What the task requires:
Copy each line below as it stands, but skip any picture it contains.

─── Dataset content ───

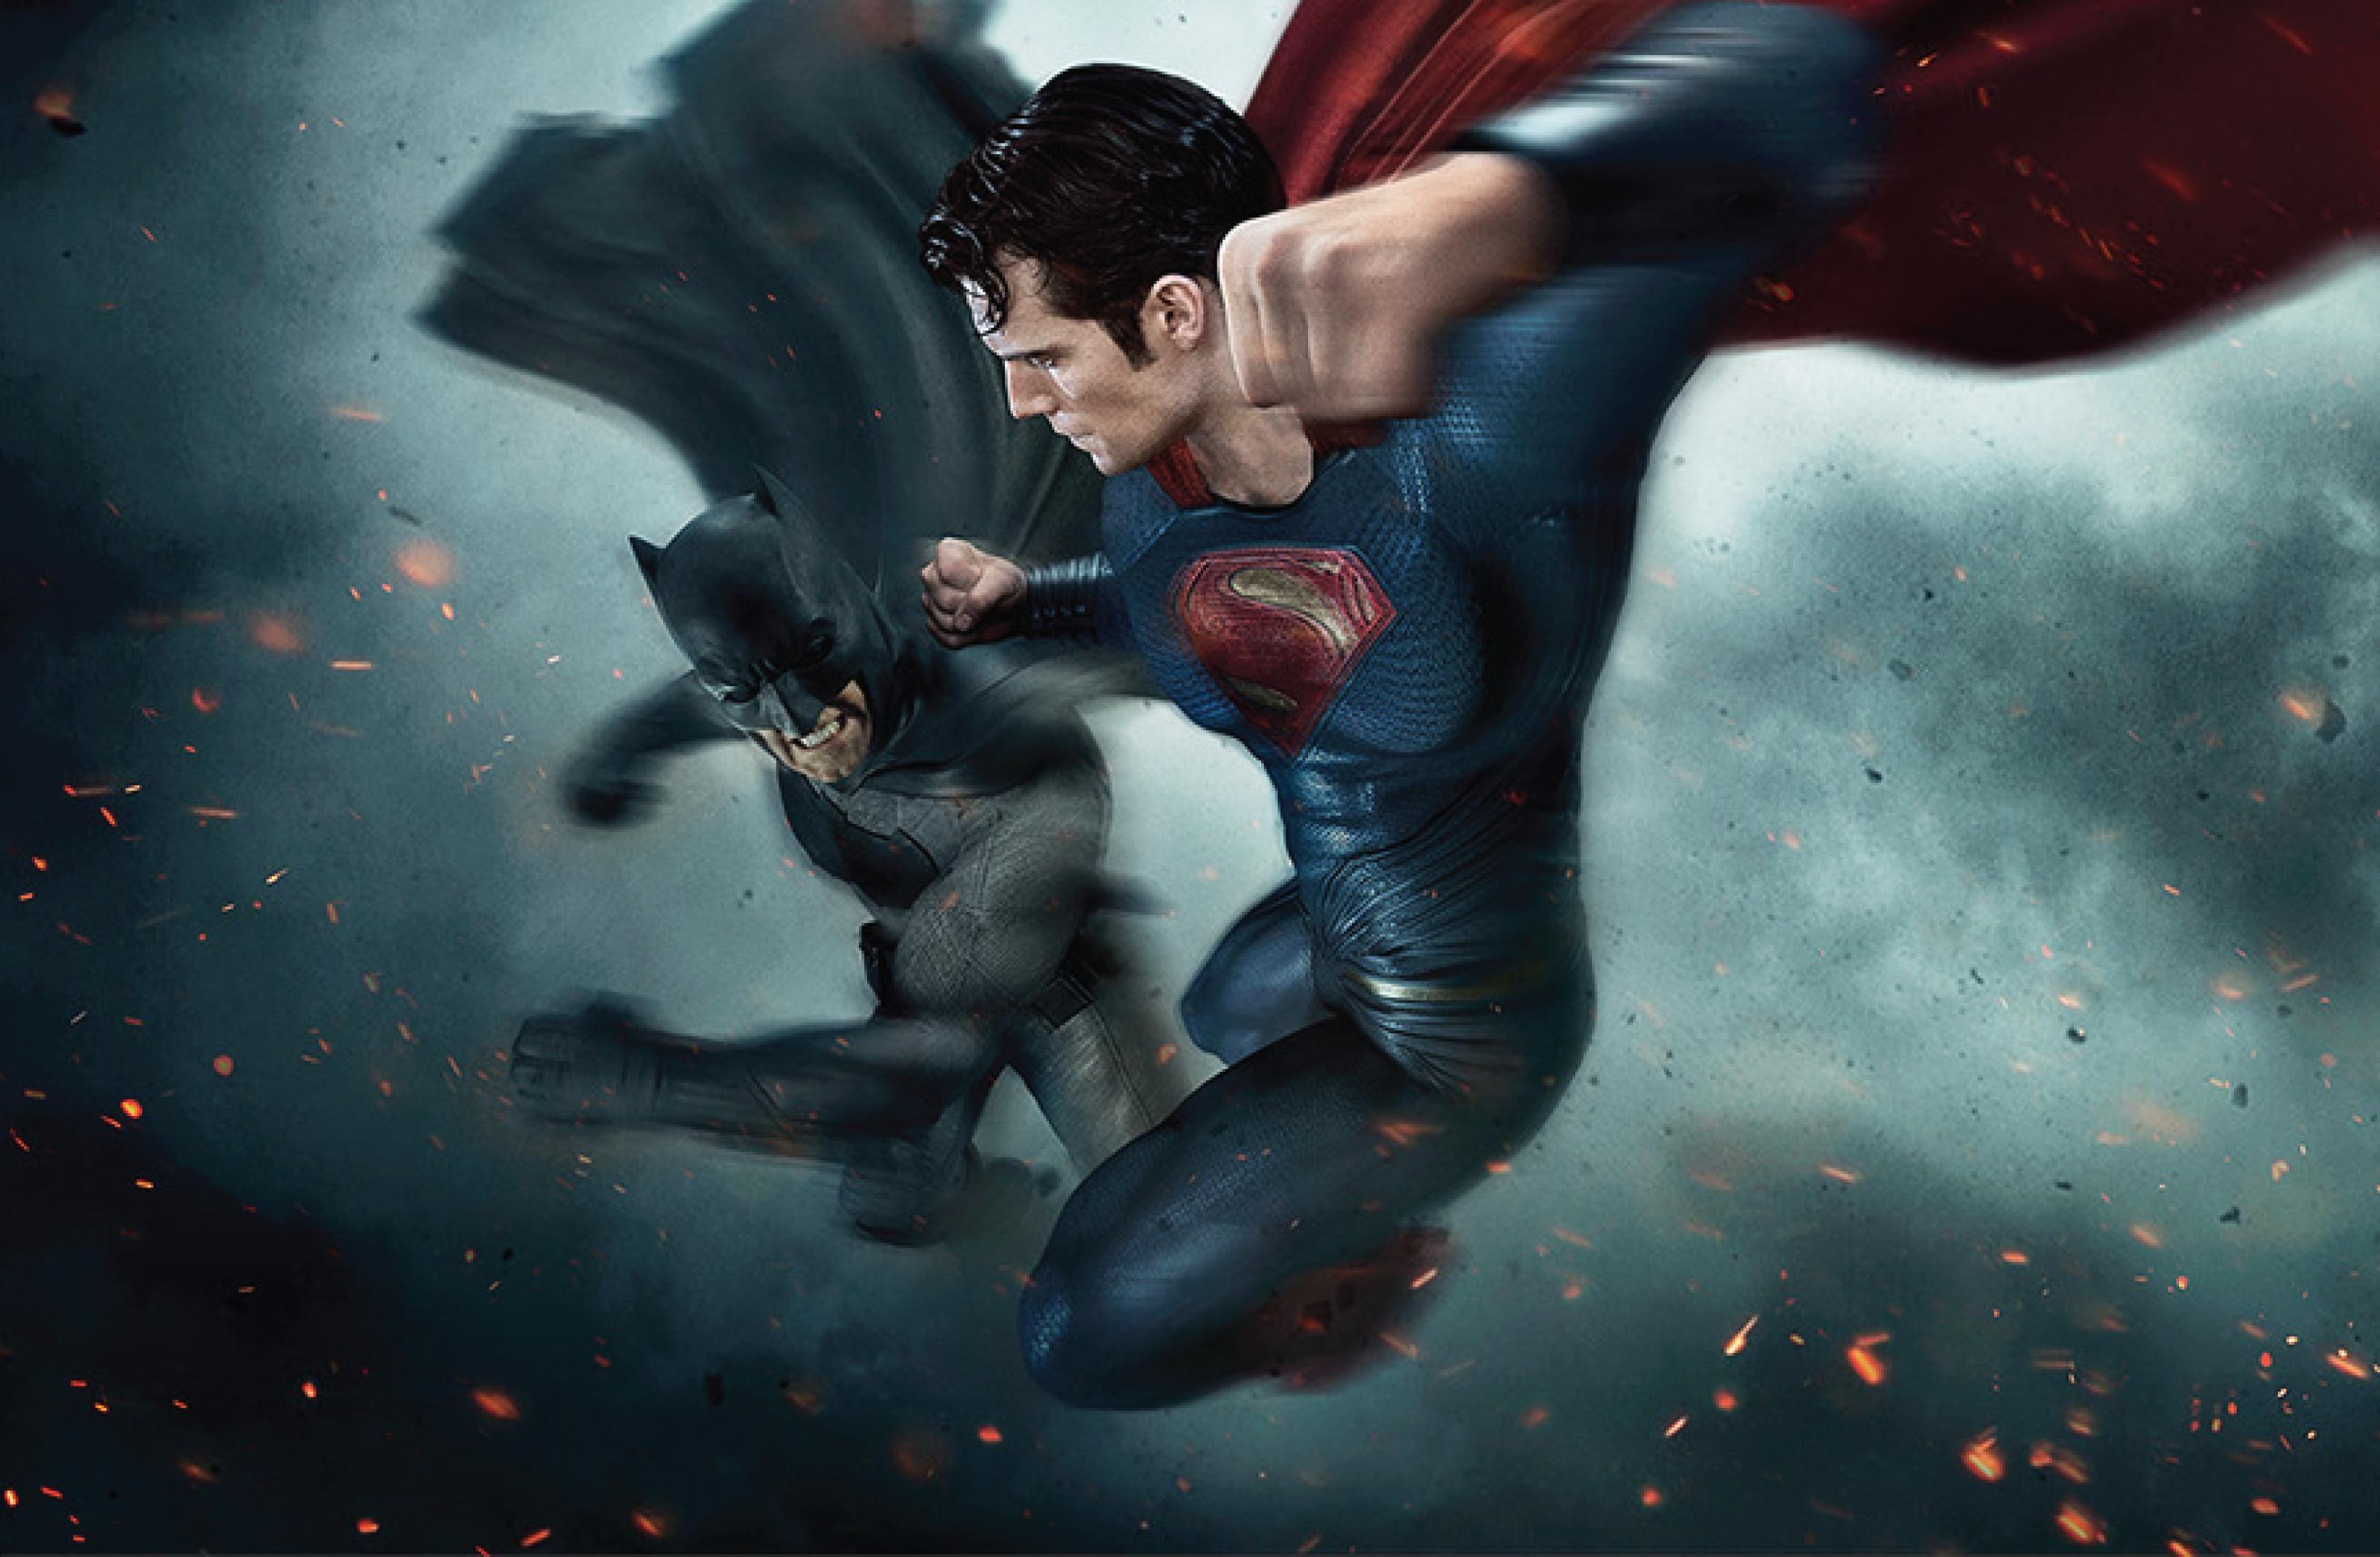 Batman V Superman Dawn Of Justice Wallpaper Gifs Avvy Thread
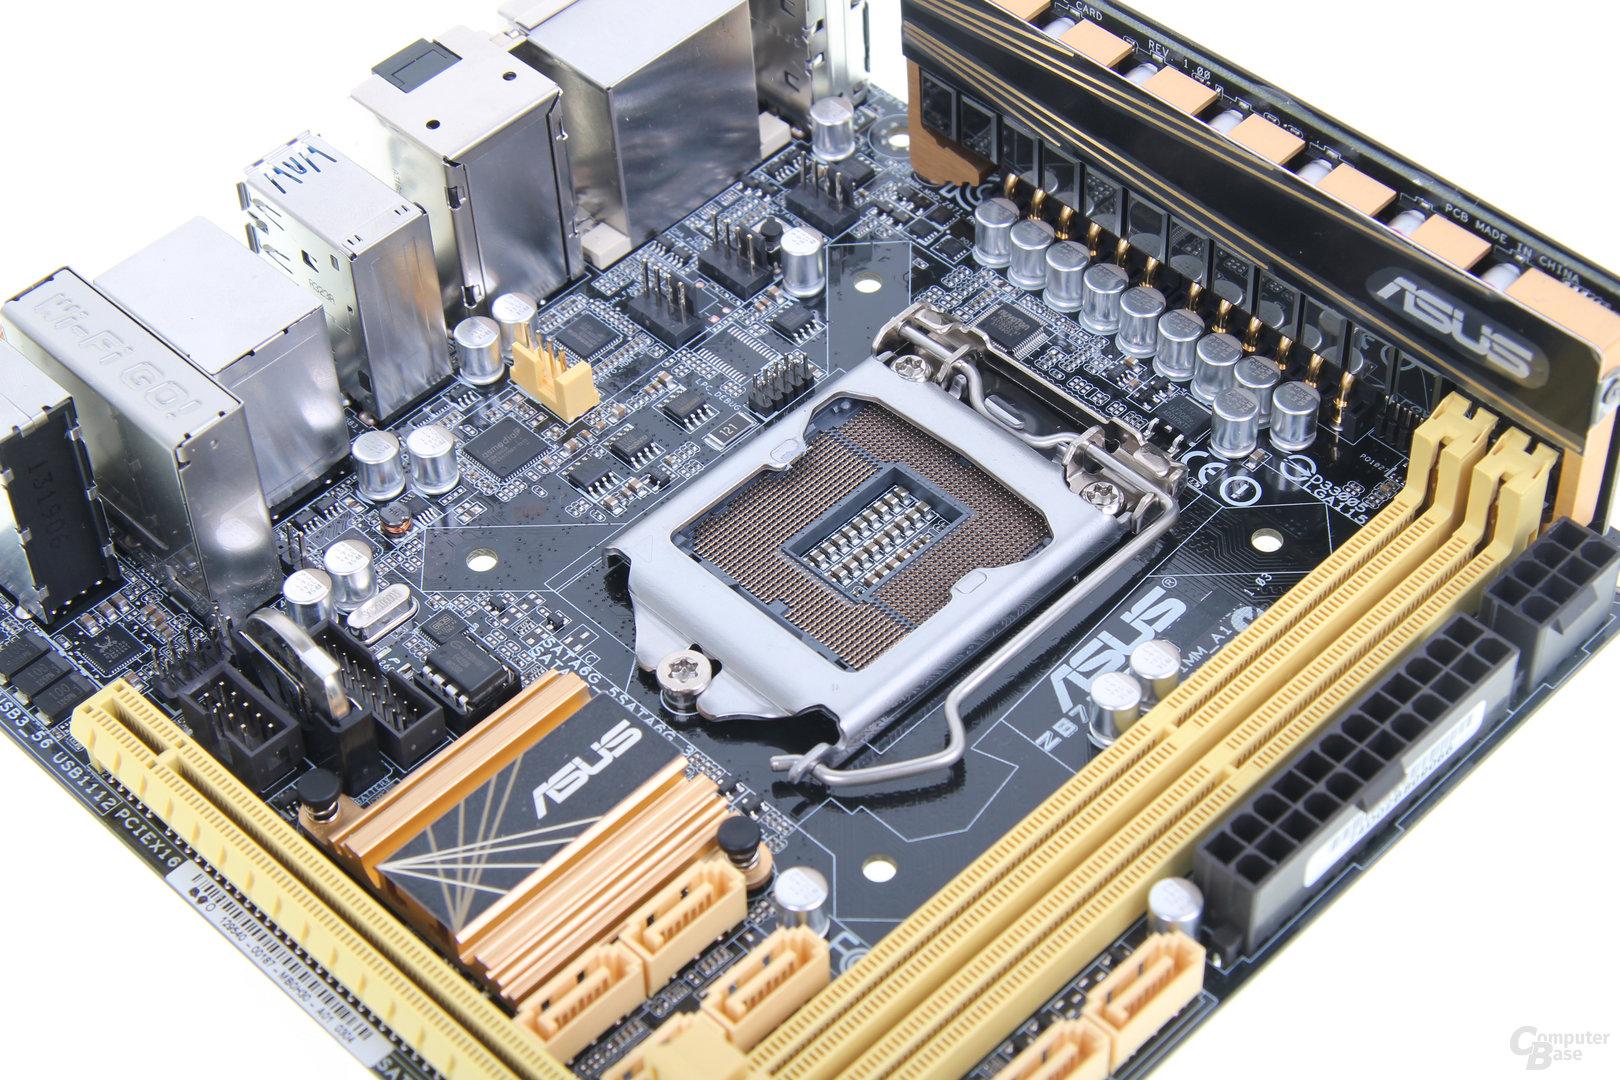 Asus Z87I-Pro - PCB
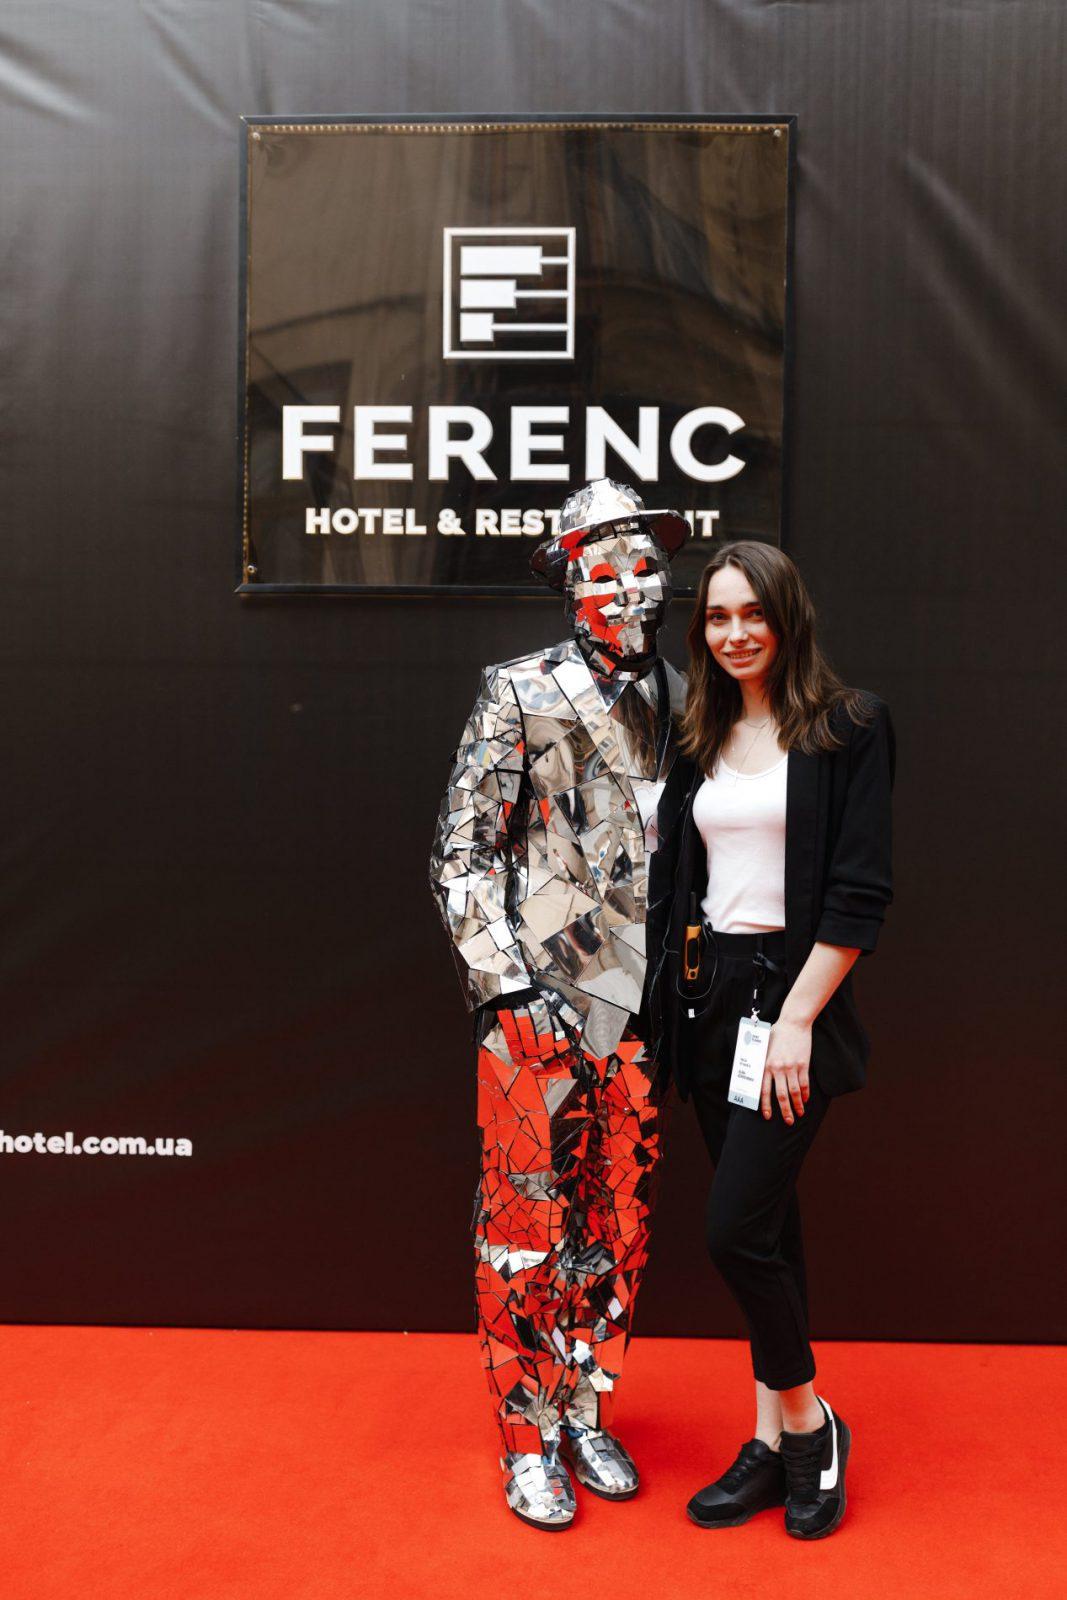 Ferenc0045

───

Written answer:
 Batman V Superman Dawn Of Justice Wallpaper Gifs Avvy Thread
 Asus Z87I-Pro - PCB
 Ferenc0045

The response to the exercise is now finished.